Smith v. . Lumber Company

54 S.E. 788, 142 N.C. 26, 1906 N.C. LEXIS 212
CourtSupreme Court of North Carolina
DecidedSeptember 11, 1906
StatusPublished
Cited by9 cases

This text of 54 S.E. 788 (Smith v. . Lumber Company) is published on Counsel Stack Legal Research, covering Supreme Court of North Carolina primary law. Counsel Stack provides free access to over 12 million legal documents including statutes, case law, regulations, and constitutions.

Bluebook
Smith v. . Lumber Company, 54 S.E. 788, 142 N.C. 26, 1906 N.C. LEXIS 212 (N.C. 1906).

Opinion

The plaintiff sued for $150. He alleged that on 5 February, 1904, the defendant employed him for four months at $75 per month to inspect and buy lumber, and his service began on that day.
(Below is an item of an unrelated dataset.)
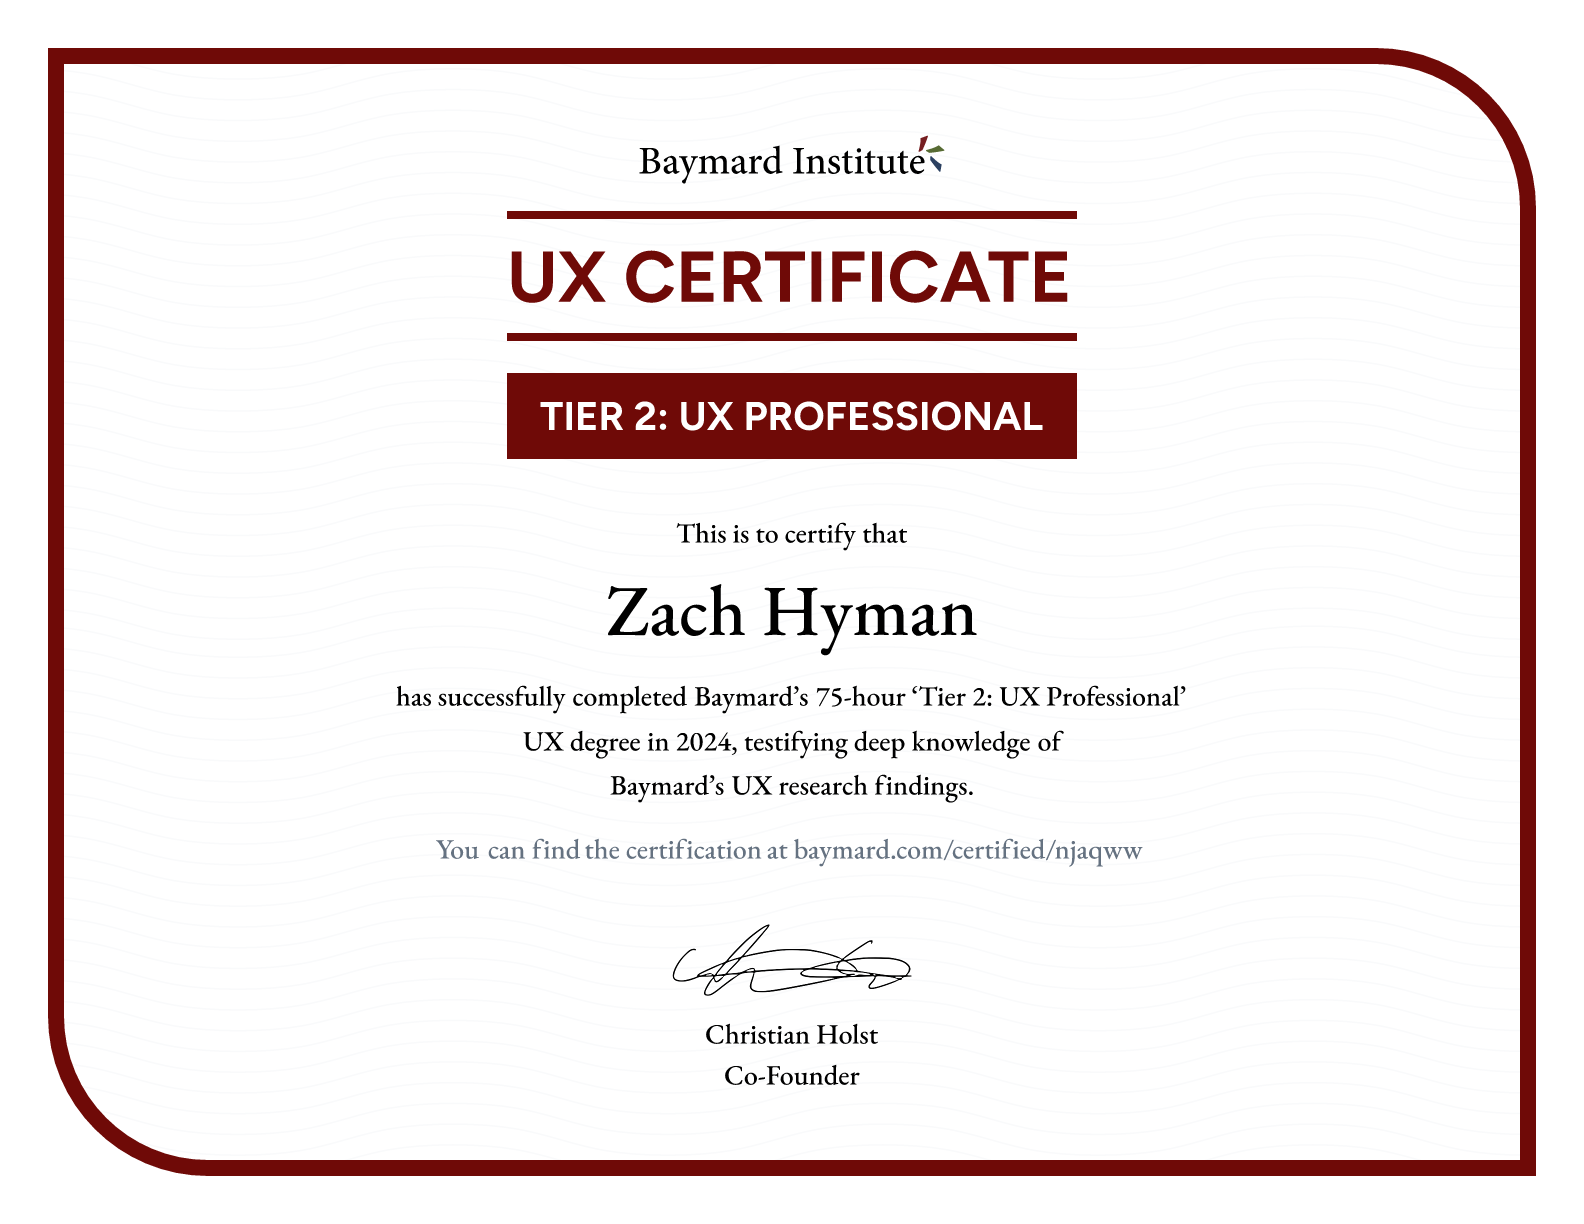 Zach Hyman’s certificate

The defendant paid the wages for the first month and then discharged the plaintiff without cause, its superintendent stating that they did not intend to buy any more lumber. The plaintiff tried to get other employment, but failed, and earned but a few dollars during the last three months. He sued for the second installment of his wages and recovered judgment 6 May, before a magistrate, for $75. The summons in the case was dated 4 May, 1904, and was received by the sheriff on 5 May, as appears by his entry on the process and by other evidence. There was no inconsistent evidence as to when it was issued. (28)
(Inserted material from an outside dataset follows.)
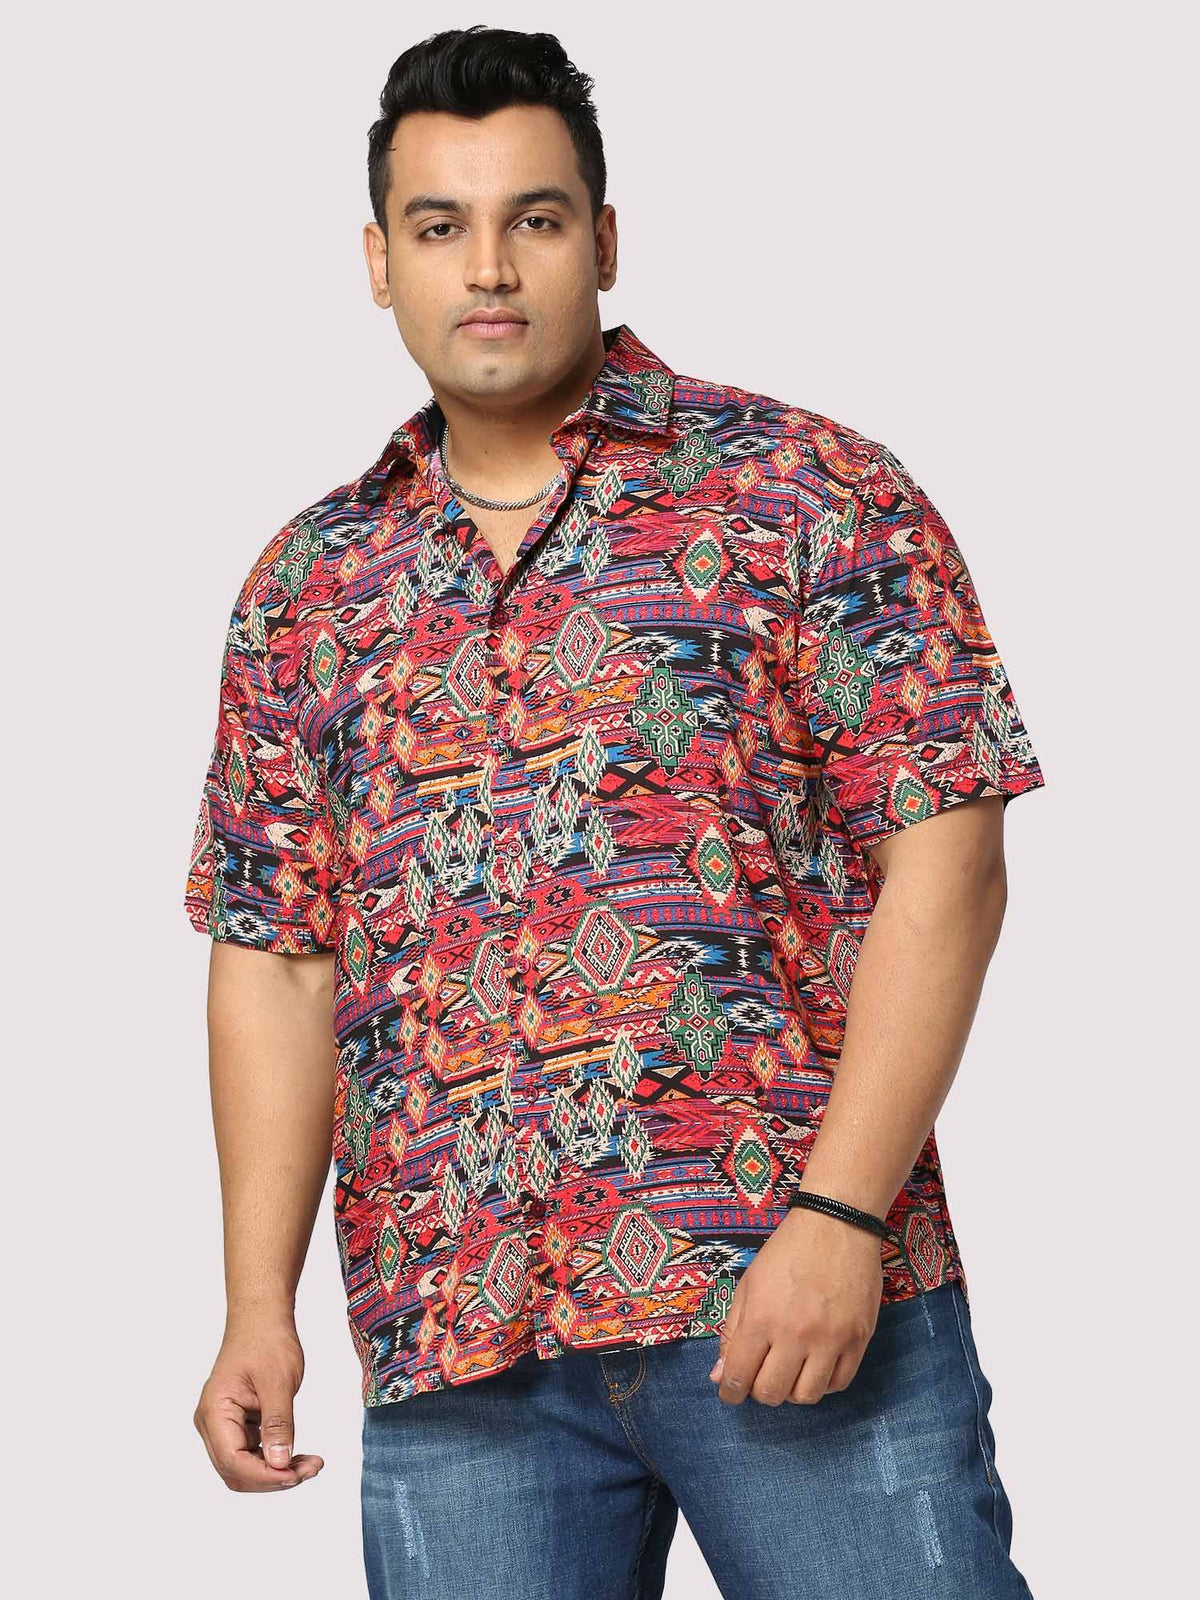 Electro Half Sleeve Digital Print Shirt - Guniaa Fashions

The defendant contended and introduced evidence to show that the hiring was for one month only, for which the plaintiff was paid. Its superintendent testified by a deposition that the plaintiff was hired not for four months, but for one month, and that he claimed but one month's salary when they settled, "and he went out of the office apparently satisfied." On objection by the plaintiff the words above quoted were excluded by the Court, and the defendant excepted. There was other evidence not necessary to be stated. The issues with the answers thereto, were as follows:

1. Did the defendant hire the plaintiff for the term of four months at $75 per month? Yes.

2. Did the defendant unlawfully discharge the plaintiff from its employment after the first month? Yes.
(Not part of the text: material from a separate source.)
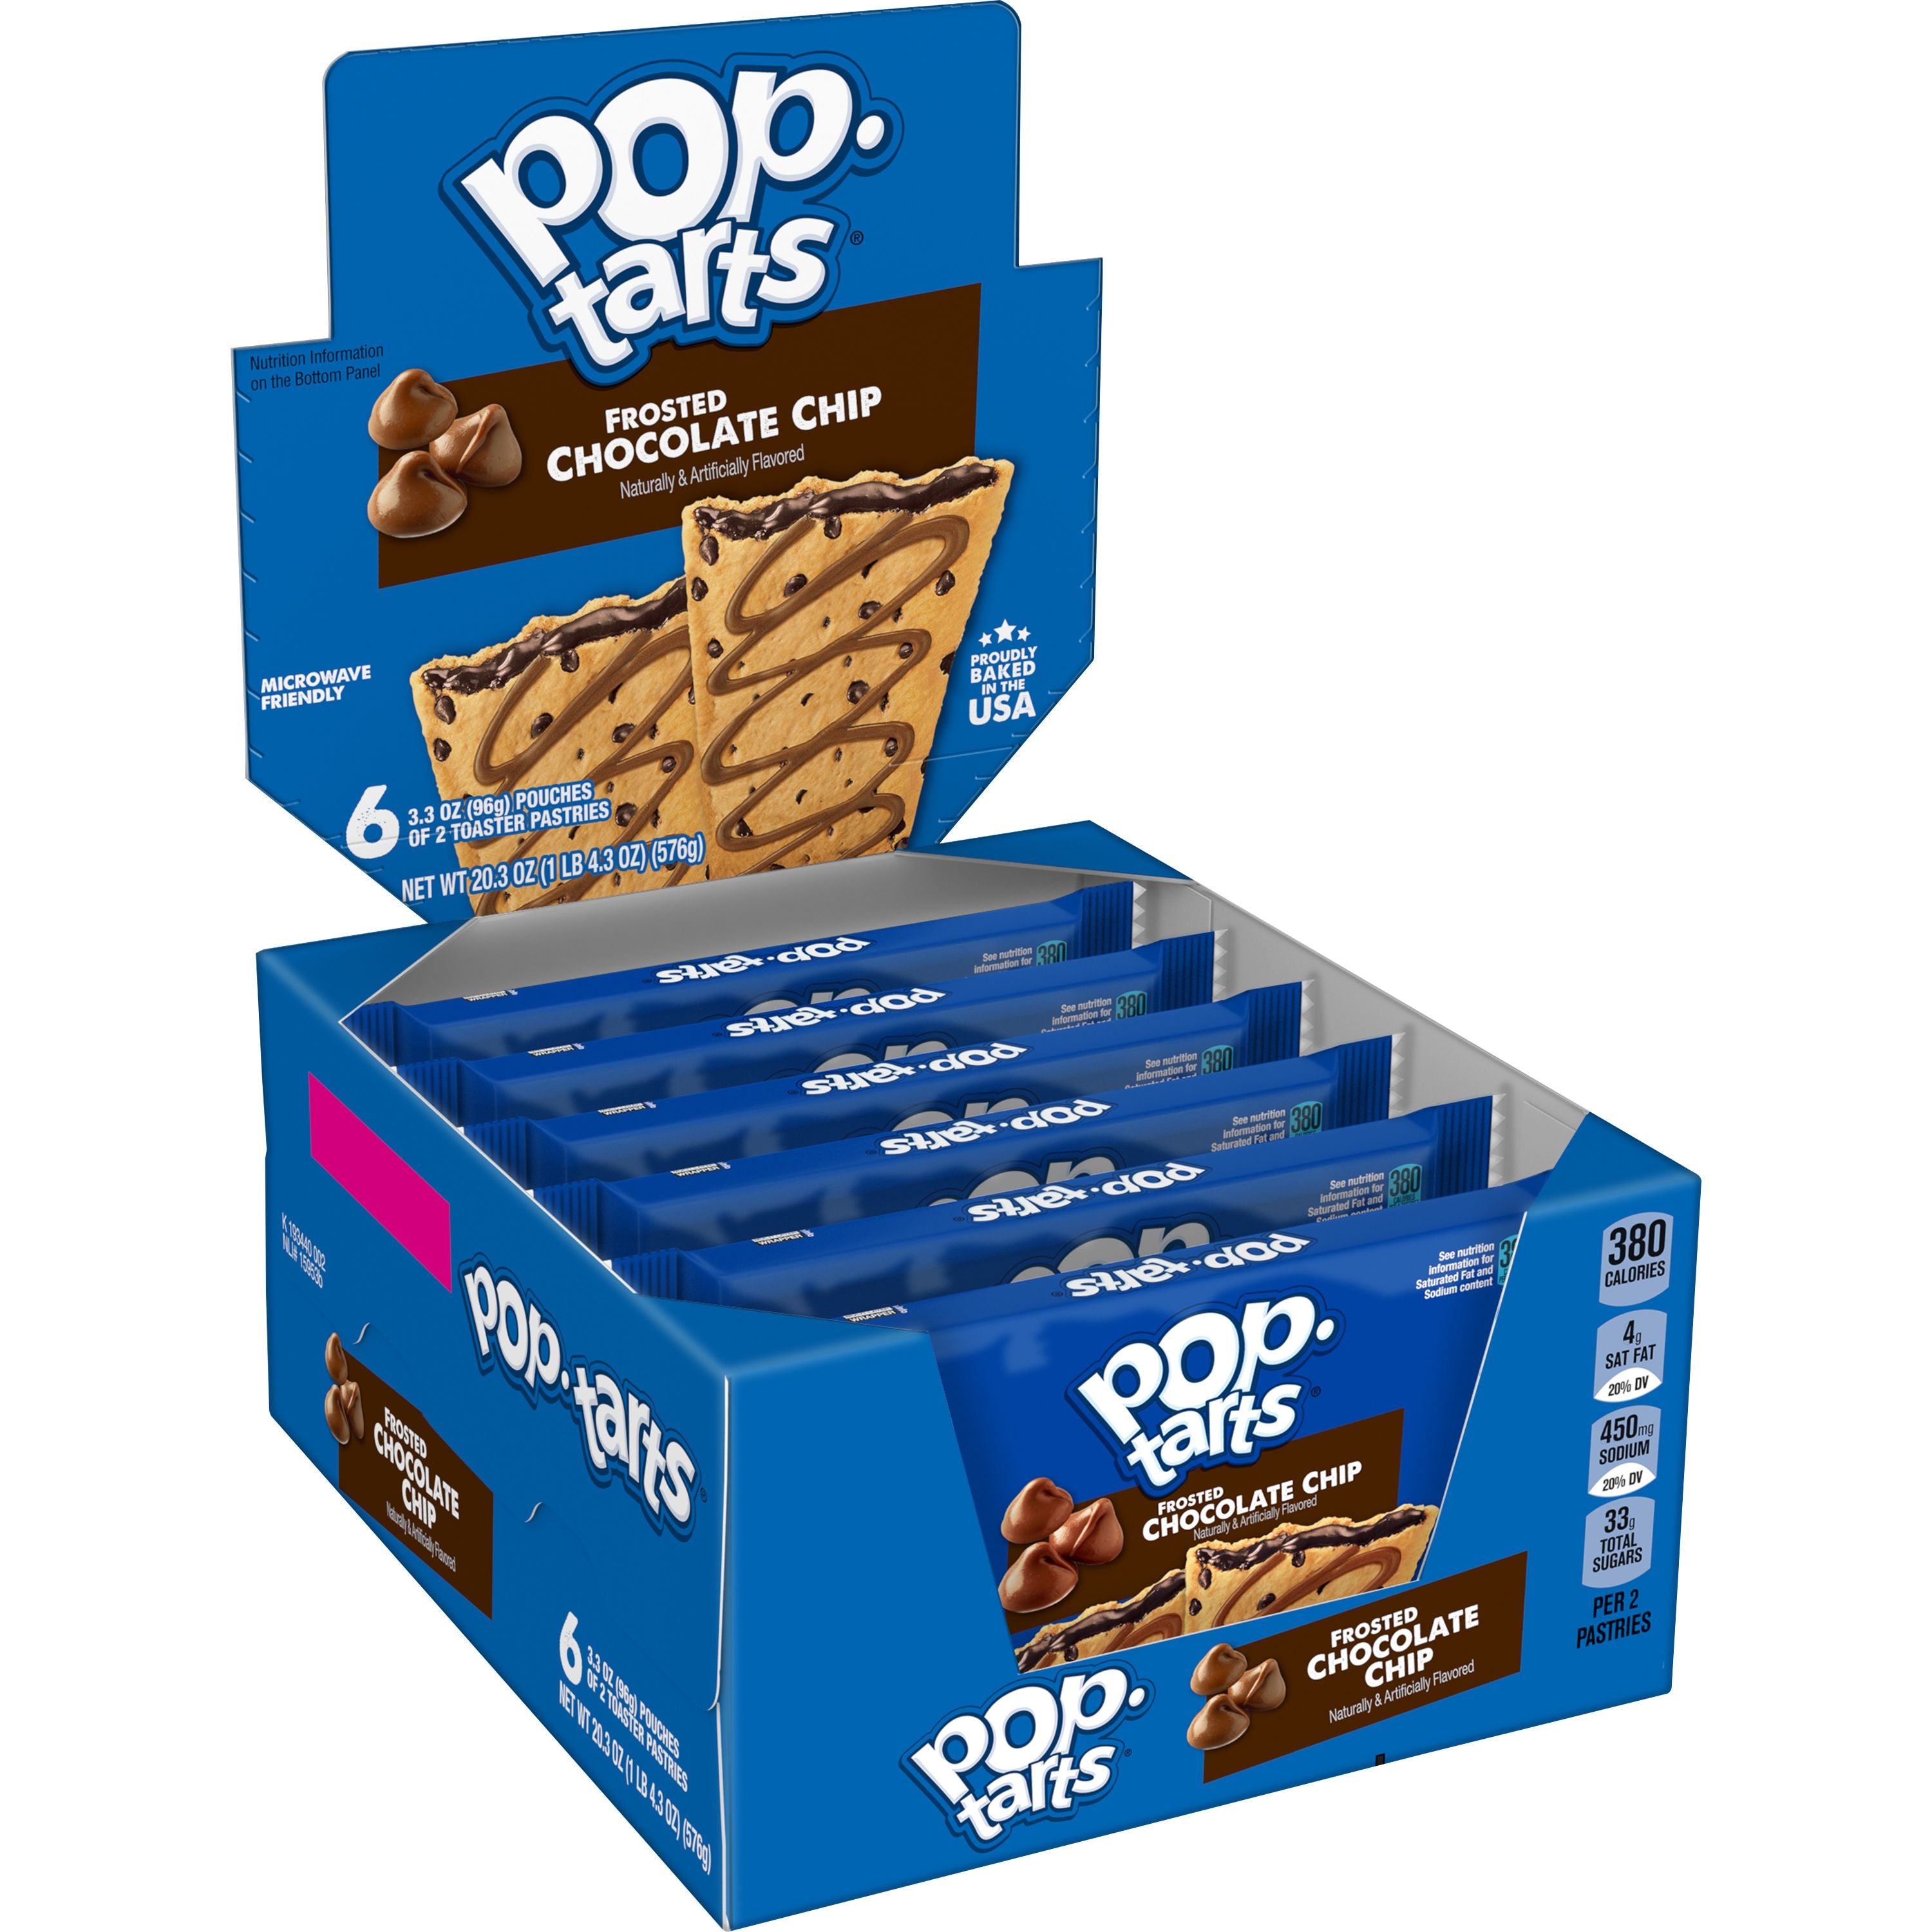 Buy Pop Tarts kellogg's Brown Sugar Cinnamon - Pop's America

3. Is the defendant indebted to the plaintiff; if so, in what sum? $150 and no interest. *Page 46

4. Was the cause of action, or any part thereof, heretofore adjudged in the record (which is) pleaded as an estoppel in this cause? No.

The defendant's counsel requested the following instruction:

1. If the jury believe the evidence, this cause has been adjudicated, and they will answer the last issue "Yes."

2. When the plaintiff sued for and collected his one month's wages under his judgment, he was by that estopped to sue for the balance, because his contract was entire and not divisible, and suing for less than the amount of the whole claim was in law an adjudication of what was due him in full.

3. It was the duty of the plaintiff to seek employment during the months he said he was employed by the defendant after the discharge, and if he simply did nothing and did not try to get other employment, he cannot recover anything of the defendant.

The instructions were refused, and the defendant duly (29) excepted.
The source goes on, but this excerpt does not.